_What you have to do:_ The result should hold only the lines from the one with "Tripod Stand Keychain" through the final line of the data below, transcribed exactly, pictures left out.

_Data block:_
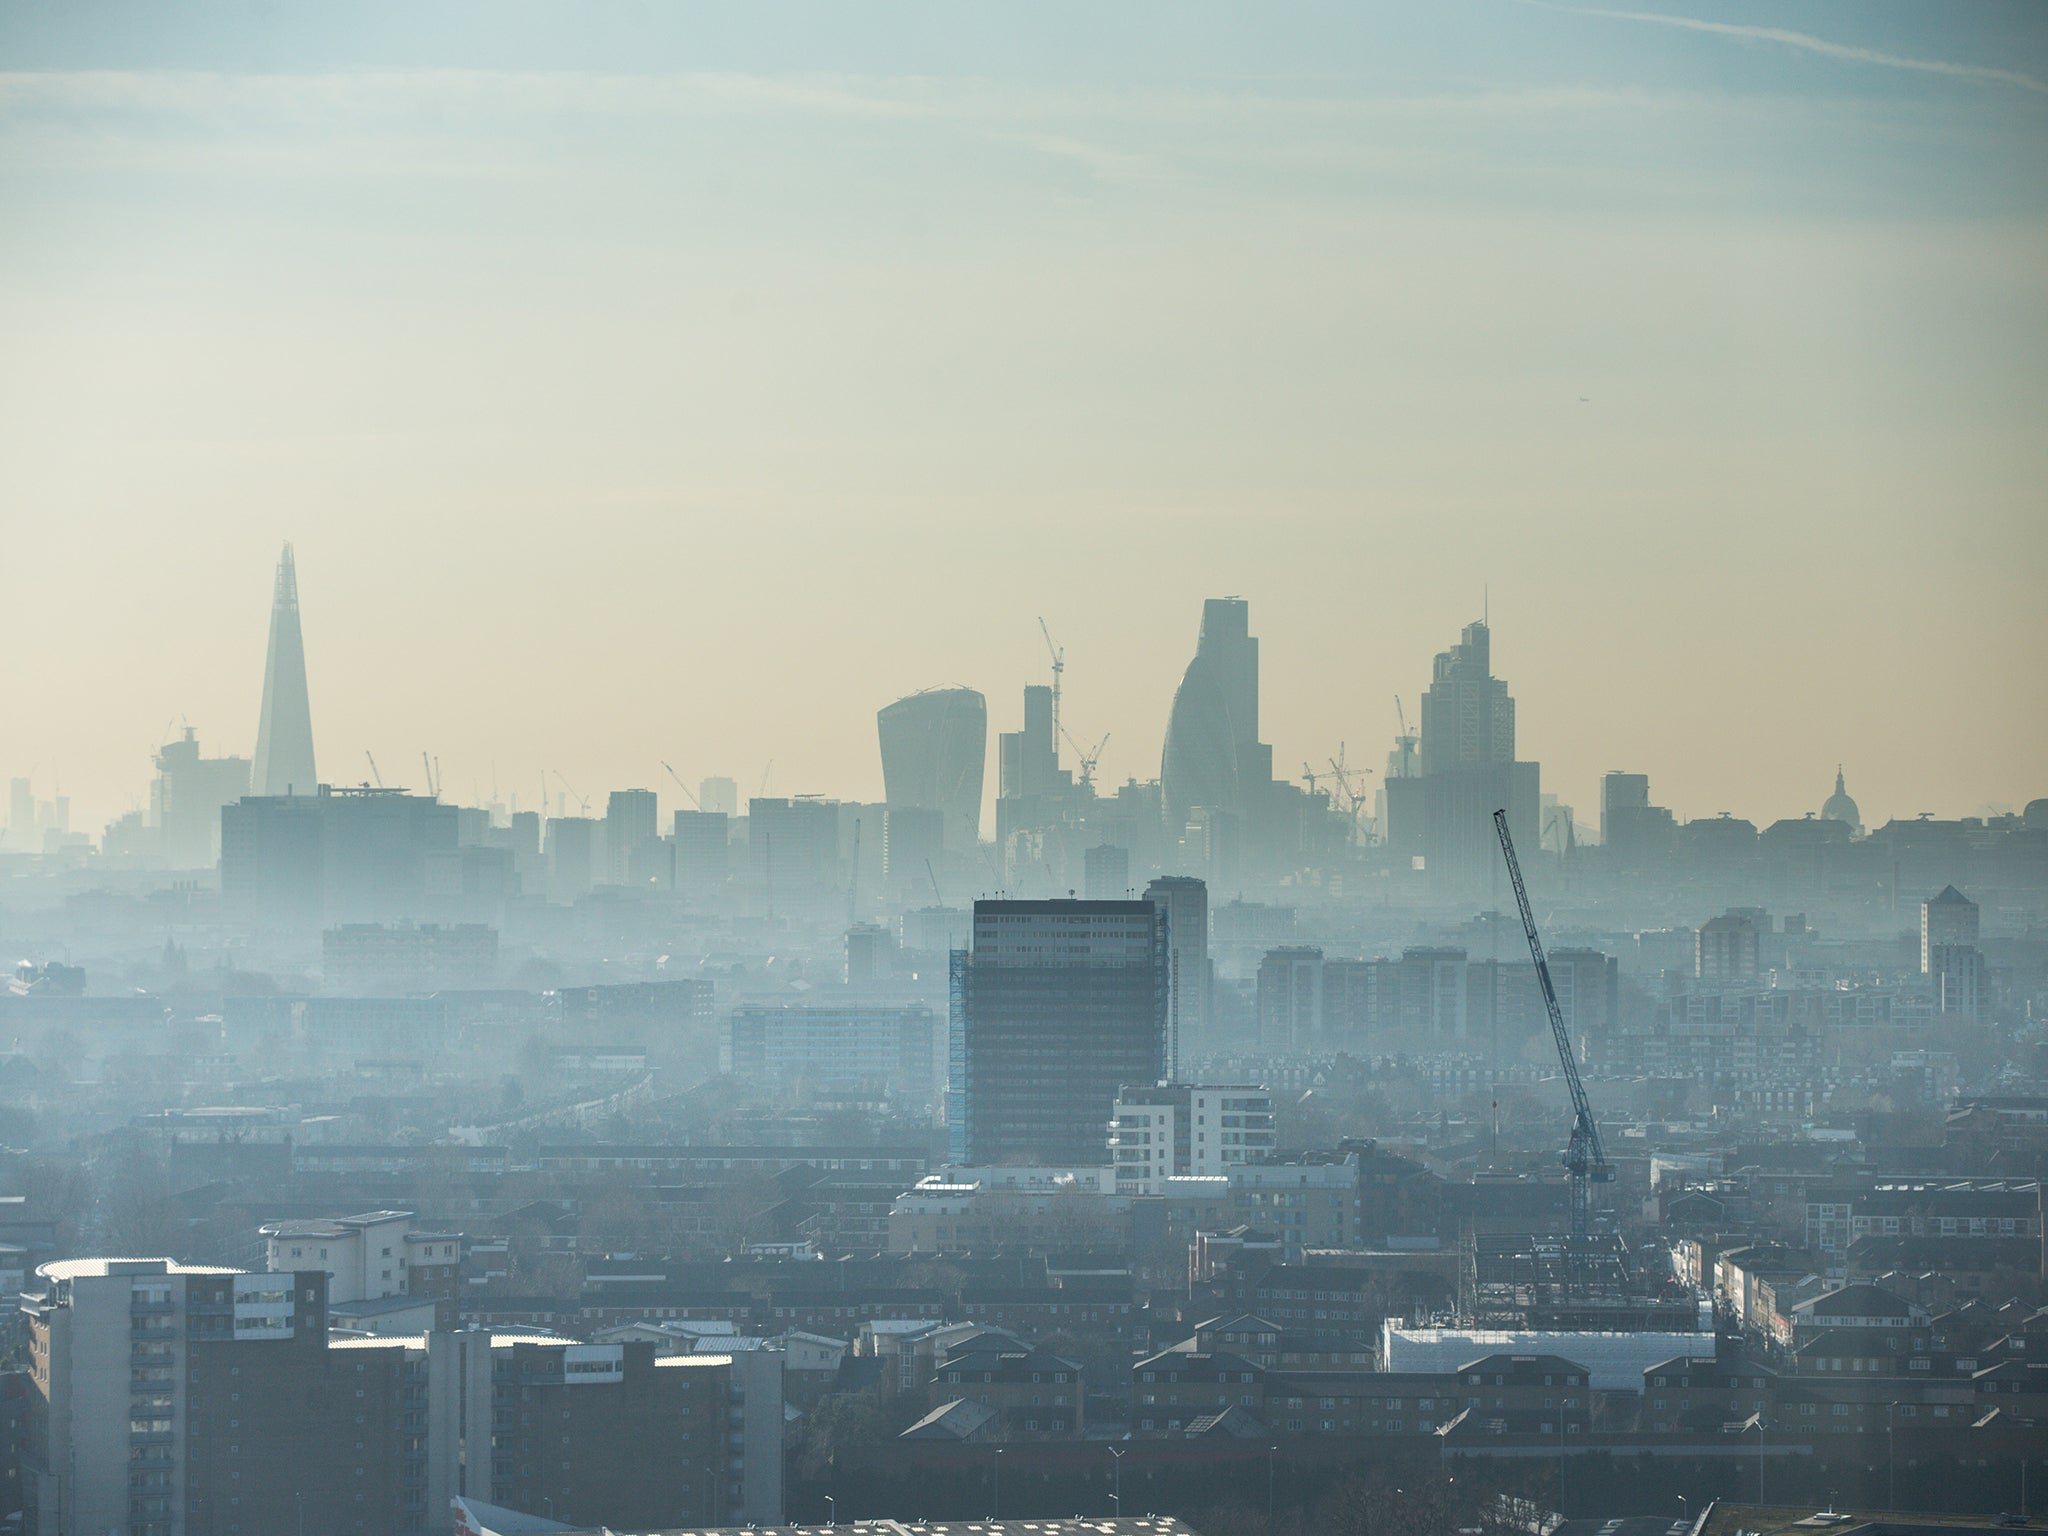 London children are exposed to harmful air pollution from cars that is decreasing their lung capacity by 5 per cent
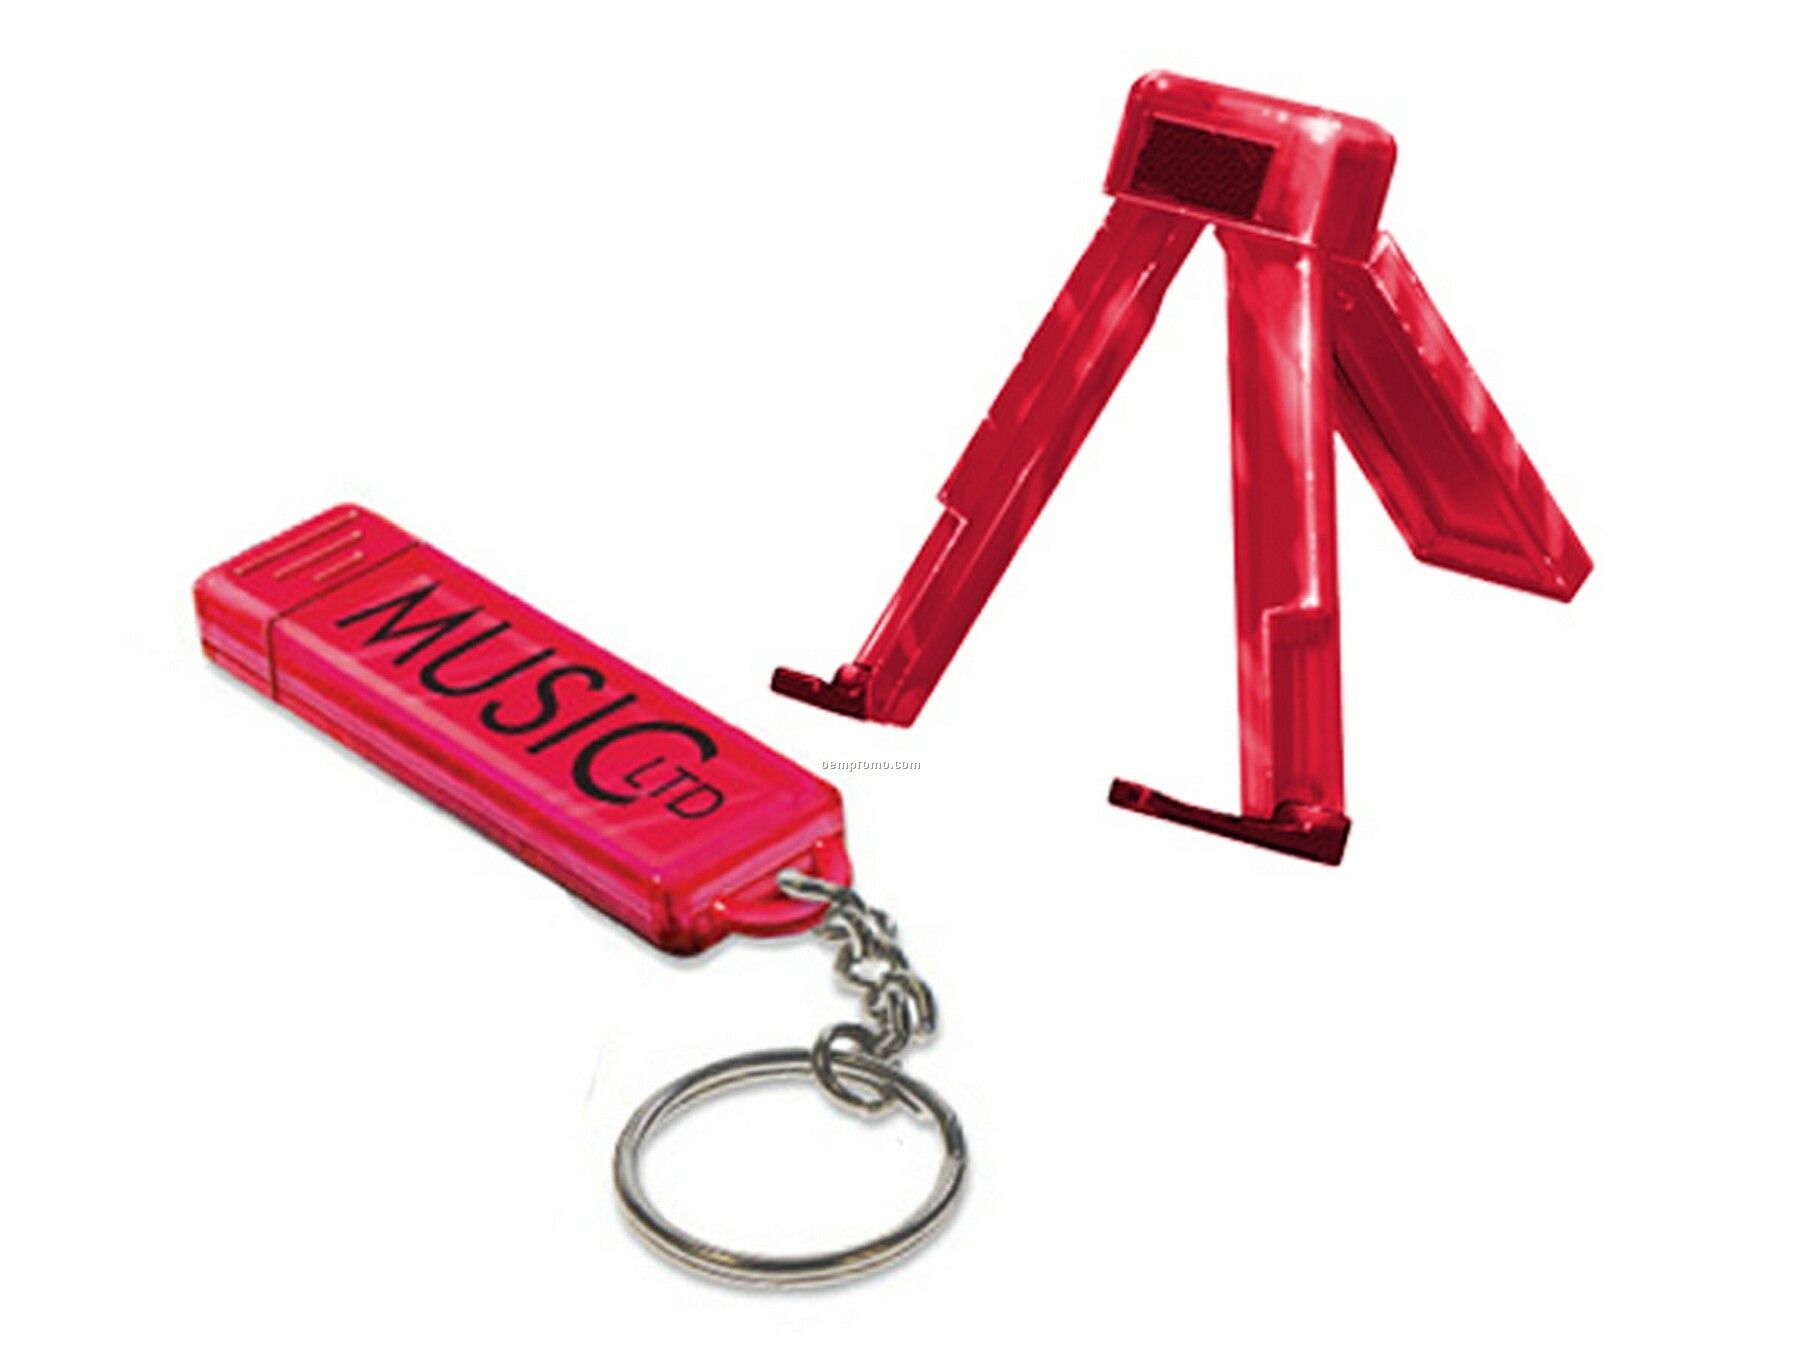 Tripod Stand Keychain For Phones And Mp3 Players
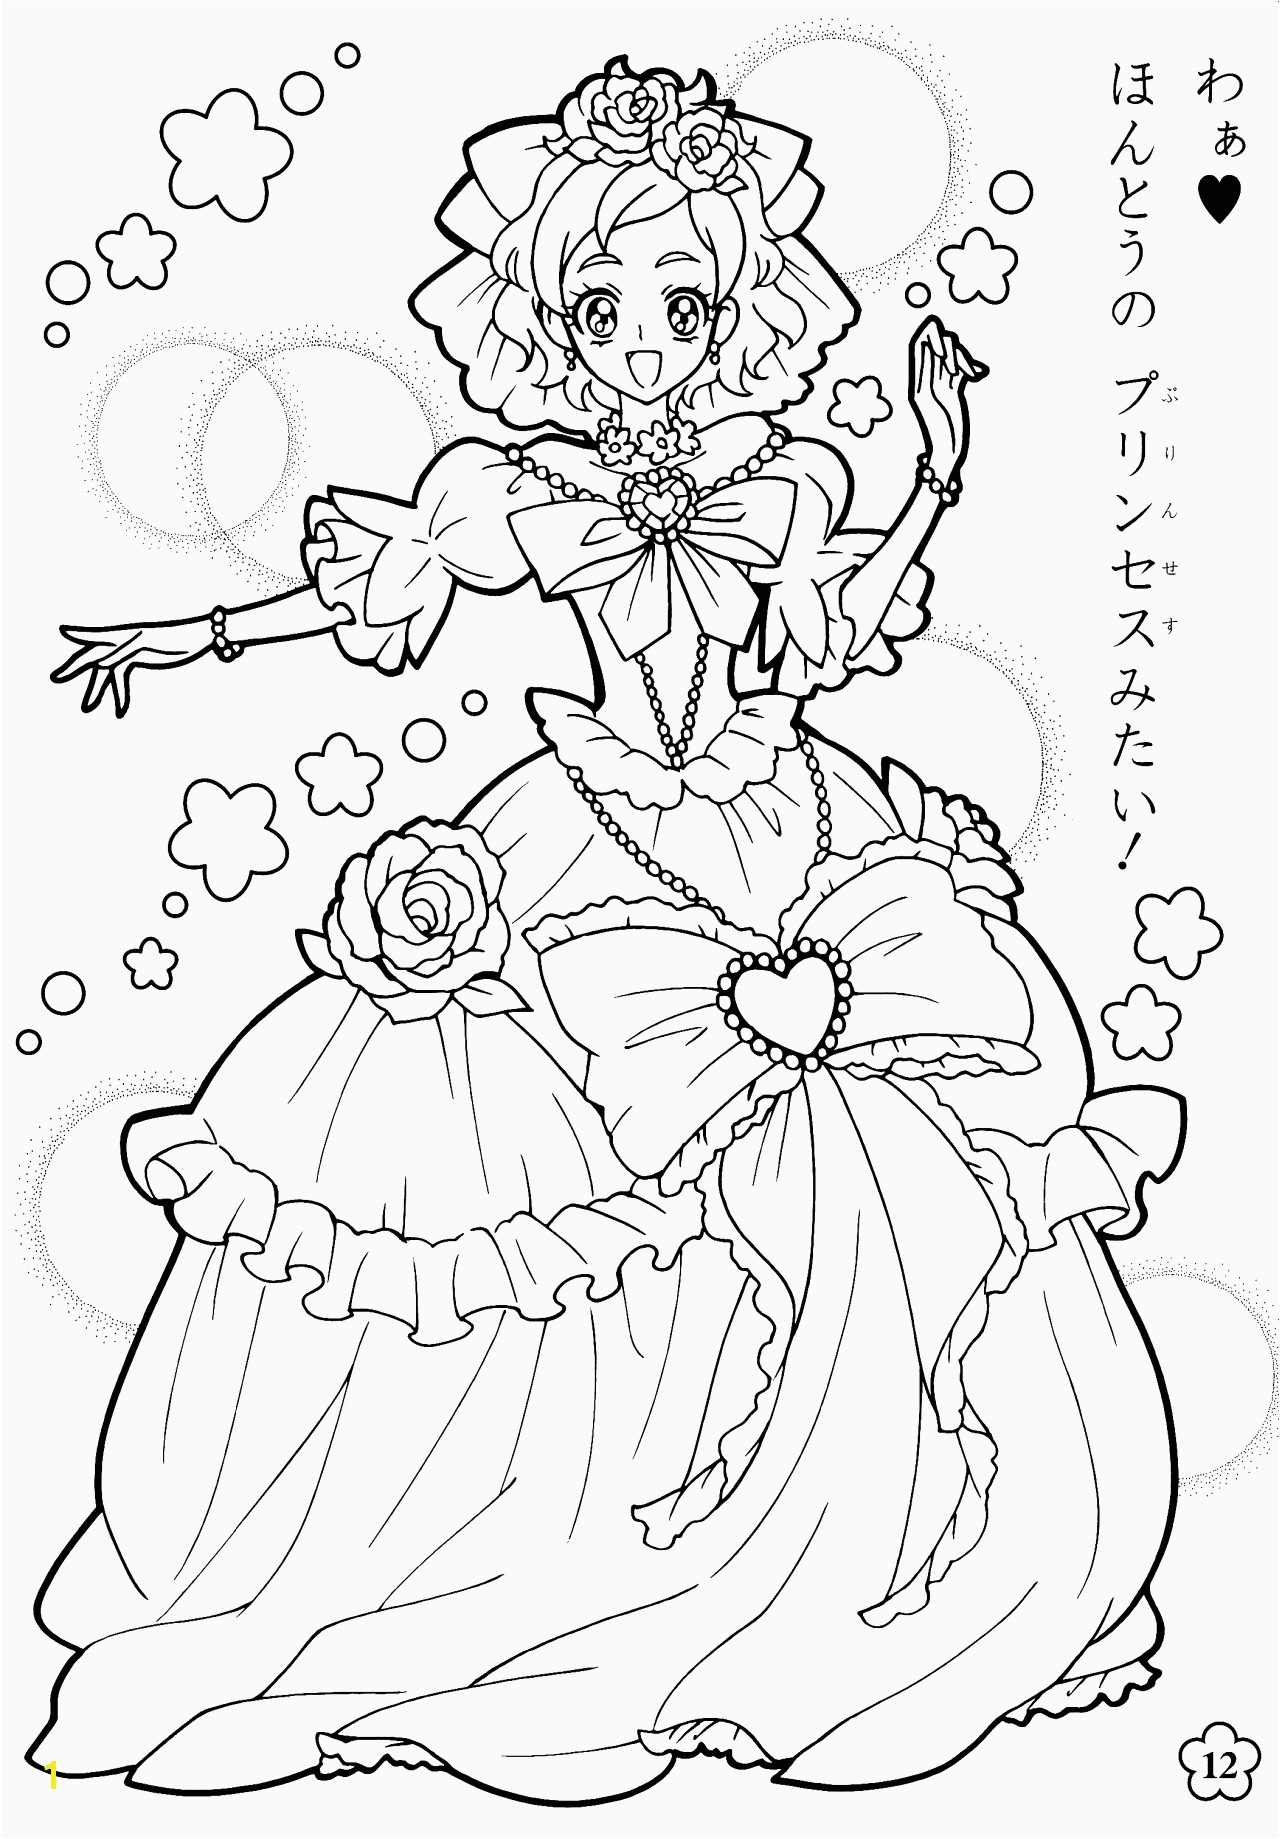 Cool Coloring Page Unique Witch Coloring Pages New Crayola Pages 0d Cool Coloring Page Unique

_Solution to this task:_
 Tripod Stand Keychain For Phones And Mp3 Players
 Cool Coloring Page Unique Witch Coloring Pages New Crayola Pages 0d Cool Coloring Page Unique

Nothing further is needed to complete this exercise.